Abstract:
Atmospheric nitrogen (N) and phosphorus (P) depositions are expected to increase in the tropics as a
consequence of increasing human activities in the next decades. In the literature, it is frequently assumed
that tropical montane forests are N-limited, while tropical lowland forests are P-limited. In a low-level N
and P addition experiment, we determined the short-term response of N and P cycles in a north Andean
montane forest on Palaeozoic shists and metasandstones at an elevation of 2100m a.s.l. to increased N
and P inputs. We evaluated experimental N, P and N+ P additions (50 kg ha−1 yr−1 of N, 10 kg ha−1 yr−1
of P and 50 kg + 10 kg ha−1 yr−1 of N and P, respectively) and an untreated control in a fourfold replicated
randomized block design. We collected litter leachate, mineral soil solution (0.15 and 0.30m depths),
throughfall and litterfall before the treatment began (August 2007) until 16 months after the first nutrient
application (April 2009). Less than 10 and 1% of the applied N and P, respectively, leached below the
organic layer which contained almost all roots and no significant leaching losses of N and P occurred
to below 0.15m mineral soil depth. Deposited N and P from the atmosphere in dry and wet form were
retained in the canopy of the control treatment using a canopy budget model. Nitrogen and P retention
by the canopy were reduced and N and P fluxes in throughfall and litterfall increased in their respective
treatments.
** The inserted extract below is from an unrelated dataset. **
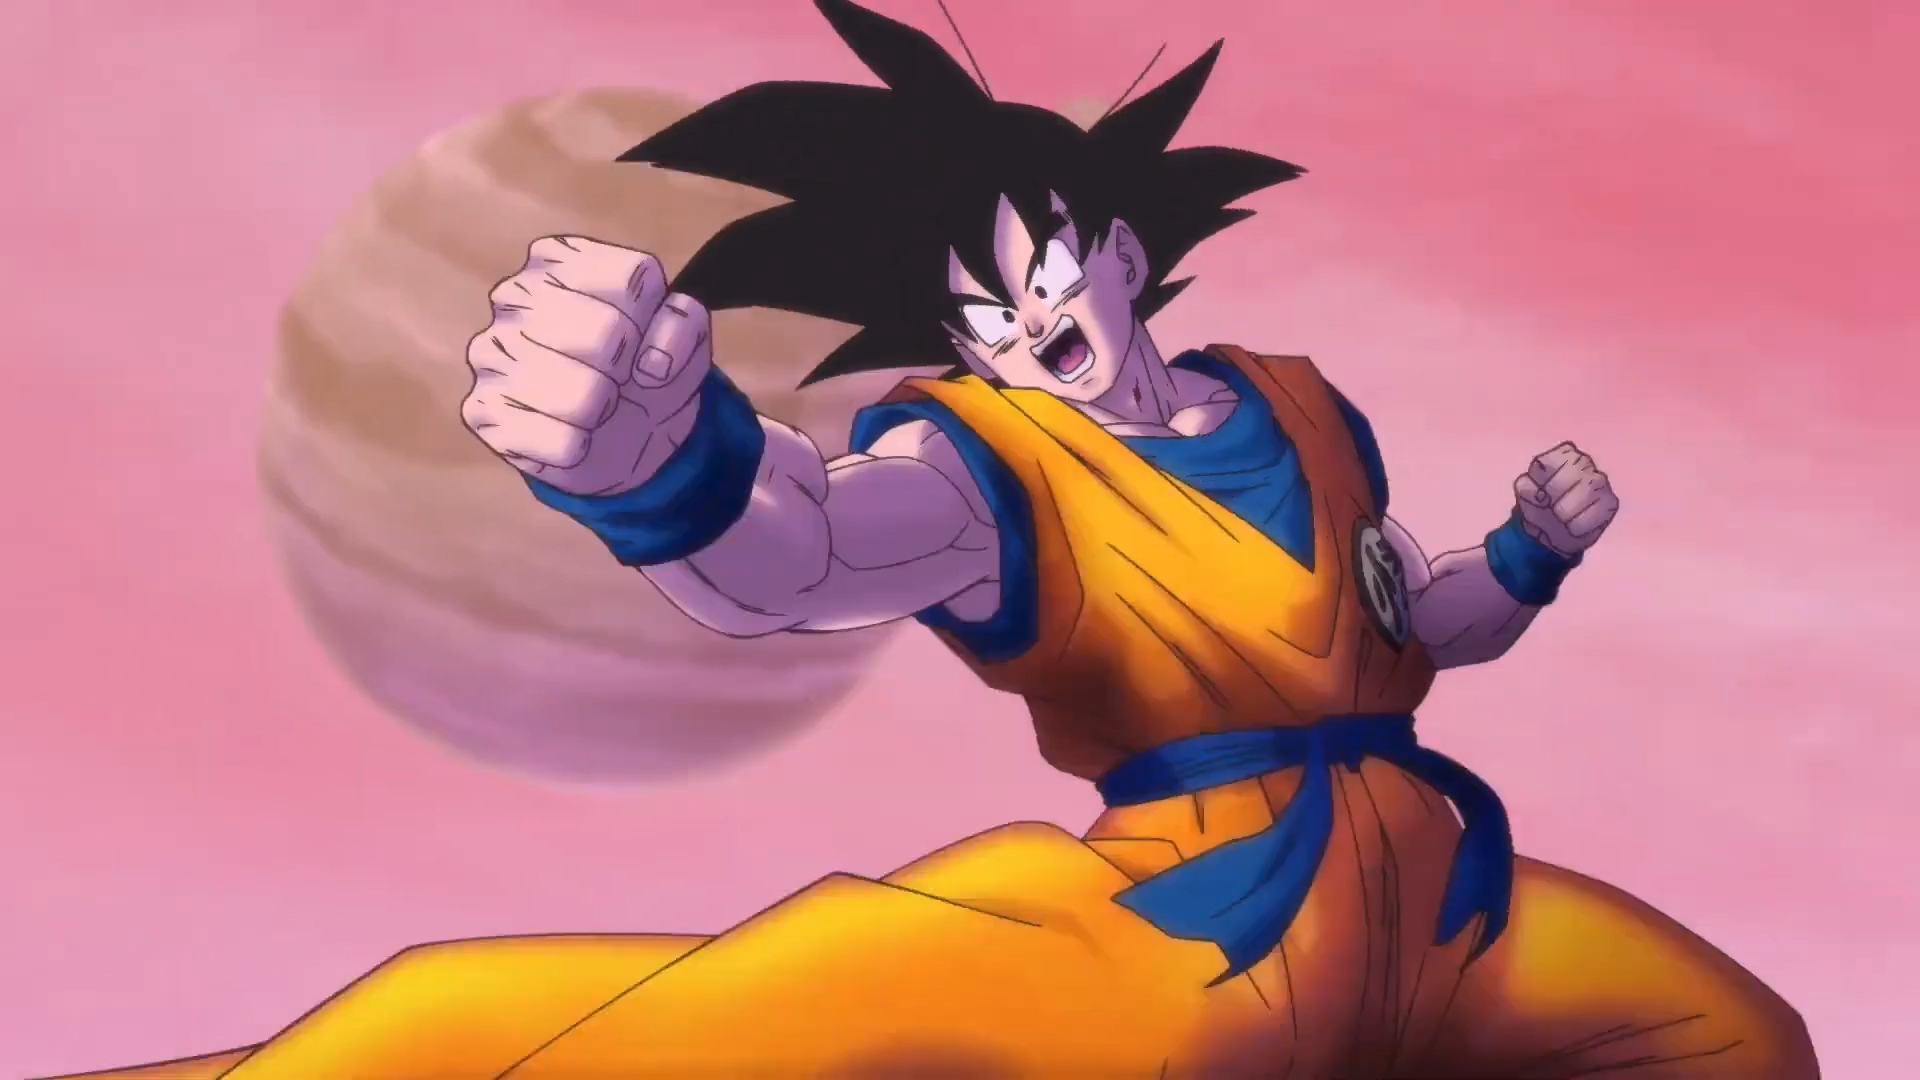 Dragon Ball Super Anime: New Update Teases Return! Release Date & More

The increase in N and P fluxes in throughfall after fertilization was equivalent to 2.5% of the
applied N and 2% of the applied P. The fluxes of N and P in litterfall were up to 15% and 3%, respectively,
higher in the N and N+ P than in the control treatments. We conclude that the expected elevated N and P
deposition in the tropics will be retained in the ecosystem, at least in the short term and hence, N and P
concentrations in stream water will not increase. Our results suggest that in the studied tropical montane
forest ecosystem on Palaeozoic bedrock, N and P are co-limiting the growth of organisms in the canopy
and organic layer.